In Stewart v. McCoy, 537 U.S. 993 (2002), the Supreme Court granted permission for the defendant, Jerry Dean McCoy, to proceed with his appeal in forma pauperis (as a poor person), but denied the request by the director of the Arizona Department of Corrections, Terry L. Stewart, to obtain a writ of certiorari to the Ninth Circuit Court of Appeals, challenging the defendant’s release from custody.

Federal court overturns conviction of man for advising street gangs, citing free speech rights

At the outset of the case, an Arizona trial court had sentenced the defendant to fifteen years in prison after it convicted him of advising members of a street gang on how to organize themselves.

His instructions had included advice on beating members of rival gangs. But a district court and federal appellate court overturned his conviction, citing First Amendment free speech rights.

Supreme Court seeks to clarify law on incitement to violence

The Supreme Court’s decision is significant because Justice John Paul Stevens filed a statement that sought to clarify the state of law on the incitement to violence since the Court had ruled in Brandenburg v. Ohio (1969) that individuals could be convicted for such incitement only if their speech brought about an imminent threat of lawless action.

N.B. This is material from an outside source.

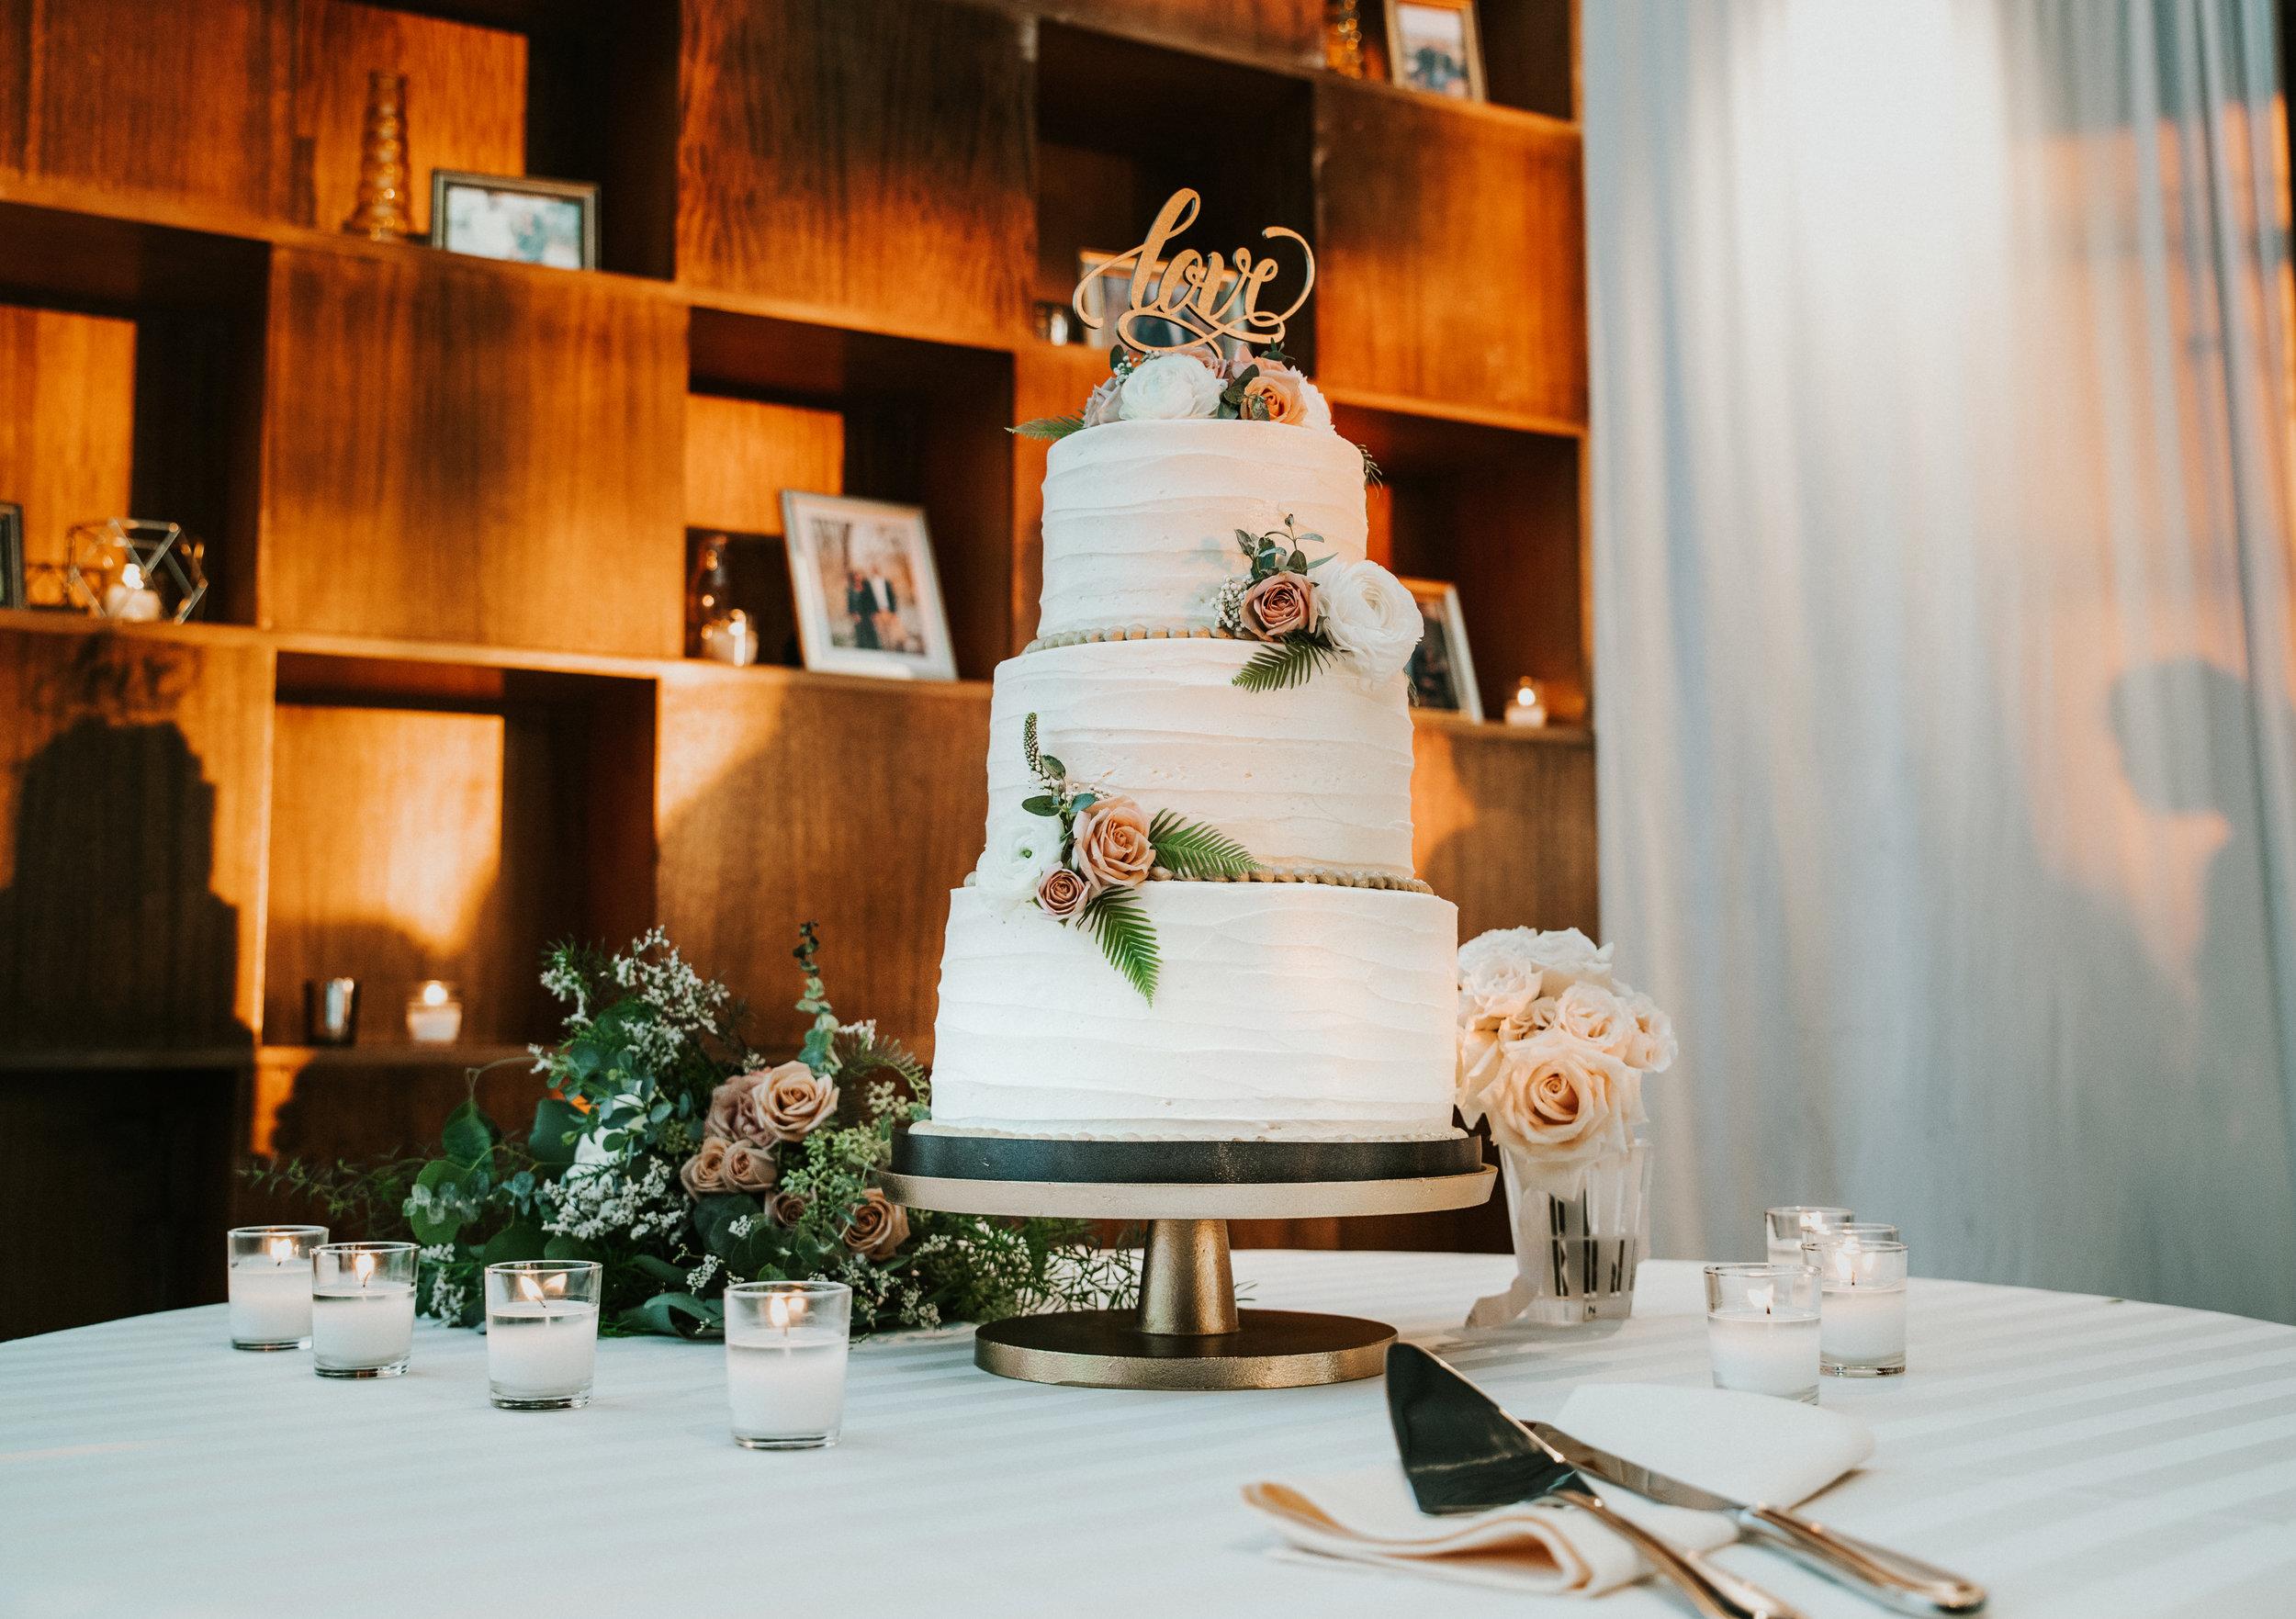 The Lofts at Union Square, High Point, NC. Wedding Reception Photos, Wedding Cake Photos. North Carolina Wedding Photographer, Marina Rey Photography.

Agreeing that McCoy’s penalty had been very harsh, Stevens observed that the appellate court’s conclusion that the “speech ‘was mere abstract advocacy’ that was not constitutionally proscribable because it did not incite ‘imminent’ lawless action” was “surely debatable.”

Referring to Brandenburg, Stevens said, “While the requirement that the consequence be ‘imminent’ is justified with respect to mere advocacy, the same justification does not necessarily adhere to some speech that performs a teaching function.”

Stevens observes that long range planning of criminal activity could create significant public danger

He further observed: “Long range planning of criminal enterprises — which may include oral advice, training exercises, and perhaps the preparation of written materials — involves speech that should not be glibly characterized as mere ‘advocacy’ and certainly may create significant public danger.”

He found that Brandenburg had “not yet considered whether, and if so to what extent, the First Amendment protects such instructional speech,” and wanted to make it clear that he did not consider the denial of certiorari in the case to “be taken as an endorsement of the reasoning of the Court of Appeals.”